## Aim of the exercise
Provide again, from the entries below, every line from the one containing "41b4cf70 Men w30" through the one containing "Rv Monitor Panel", exactly as written, and no other line.

(Data extracted from a collection)
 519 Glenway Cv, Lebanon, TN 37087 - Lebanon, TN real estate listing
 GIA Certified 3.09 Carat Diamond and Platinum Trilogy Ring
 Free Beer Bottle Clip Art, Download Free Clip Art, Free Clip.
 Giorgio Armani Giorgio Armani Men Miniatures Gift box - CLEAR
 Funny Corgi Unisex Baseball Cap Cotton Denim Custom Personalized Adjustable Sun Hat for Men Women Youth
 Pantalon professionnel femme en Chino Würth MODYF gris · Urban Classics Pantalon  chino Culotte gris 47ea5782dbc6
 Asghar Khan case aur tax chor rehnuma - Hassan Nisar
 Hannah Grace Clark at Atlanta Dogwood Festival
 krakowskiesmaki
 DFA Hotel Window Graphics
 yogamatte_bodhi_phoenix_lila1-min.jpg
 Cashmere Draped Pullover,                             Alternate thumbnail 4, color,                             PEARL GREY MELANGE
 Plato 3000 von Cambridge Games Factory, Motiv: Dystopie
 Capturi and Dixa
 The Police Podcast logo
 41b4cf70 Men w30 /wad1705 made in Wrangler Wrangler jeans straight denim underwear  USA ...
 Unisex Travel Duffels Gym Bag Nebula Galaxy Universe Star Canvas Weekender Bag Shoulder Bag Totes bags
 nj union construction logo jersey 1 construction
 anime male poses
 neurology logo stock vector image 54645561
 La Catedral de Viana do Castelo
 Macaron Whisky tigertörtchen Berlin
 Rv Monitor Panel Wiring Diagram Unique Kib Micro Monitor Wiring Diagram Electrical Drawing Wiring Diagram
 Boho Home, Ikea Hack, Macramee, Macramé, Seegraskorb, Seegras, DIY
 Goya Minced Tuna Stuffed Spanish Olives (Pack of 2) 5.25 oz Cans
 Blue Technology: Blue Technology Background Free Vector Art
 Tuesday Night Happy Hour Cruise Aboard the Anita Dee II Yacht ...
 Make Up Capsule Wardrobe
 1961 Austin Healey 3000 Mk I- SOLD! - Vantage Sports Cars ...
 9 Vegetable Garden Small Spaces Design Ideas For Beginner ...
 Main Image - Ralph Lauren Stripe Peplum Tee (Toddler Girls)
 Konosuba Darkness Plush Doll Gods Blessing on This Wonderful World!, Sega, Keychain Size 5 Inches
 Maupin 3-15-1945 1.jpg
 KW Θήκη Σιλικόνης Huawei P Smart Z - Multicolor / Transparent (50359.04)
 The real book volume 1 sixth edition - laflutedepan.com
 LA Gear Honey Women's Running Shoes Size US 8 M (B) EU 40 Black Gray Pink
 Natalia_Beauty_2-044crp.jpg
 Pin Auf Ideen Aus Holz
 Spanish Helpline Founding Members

## Exercise solution
 41b4cf70 Men w30 /wad1705 made in Wrangler Wrangler jeans straight denim underwear  USA ...
 Unisex Travel Duffels Gym Bag Nebula Galaxy Universe Star Canvas Weekender Bag Shoulder Bag Totes bags
 nj union construction logo jersey 1 construction
 anime male poses
 neurology logo stock vector image 54645561
 La Catedral de Viana do Castelo
 Macaron Whisky tigertörtchen Berlin
 Rv Monitor Panel Wiring Diagram Unique Kib Micro Monitor Wiring Diagram Electrical Drawing Wiring Diagram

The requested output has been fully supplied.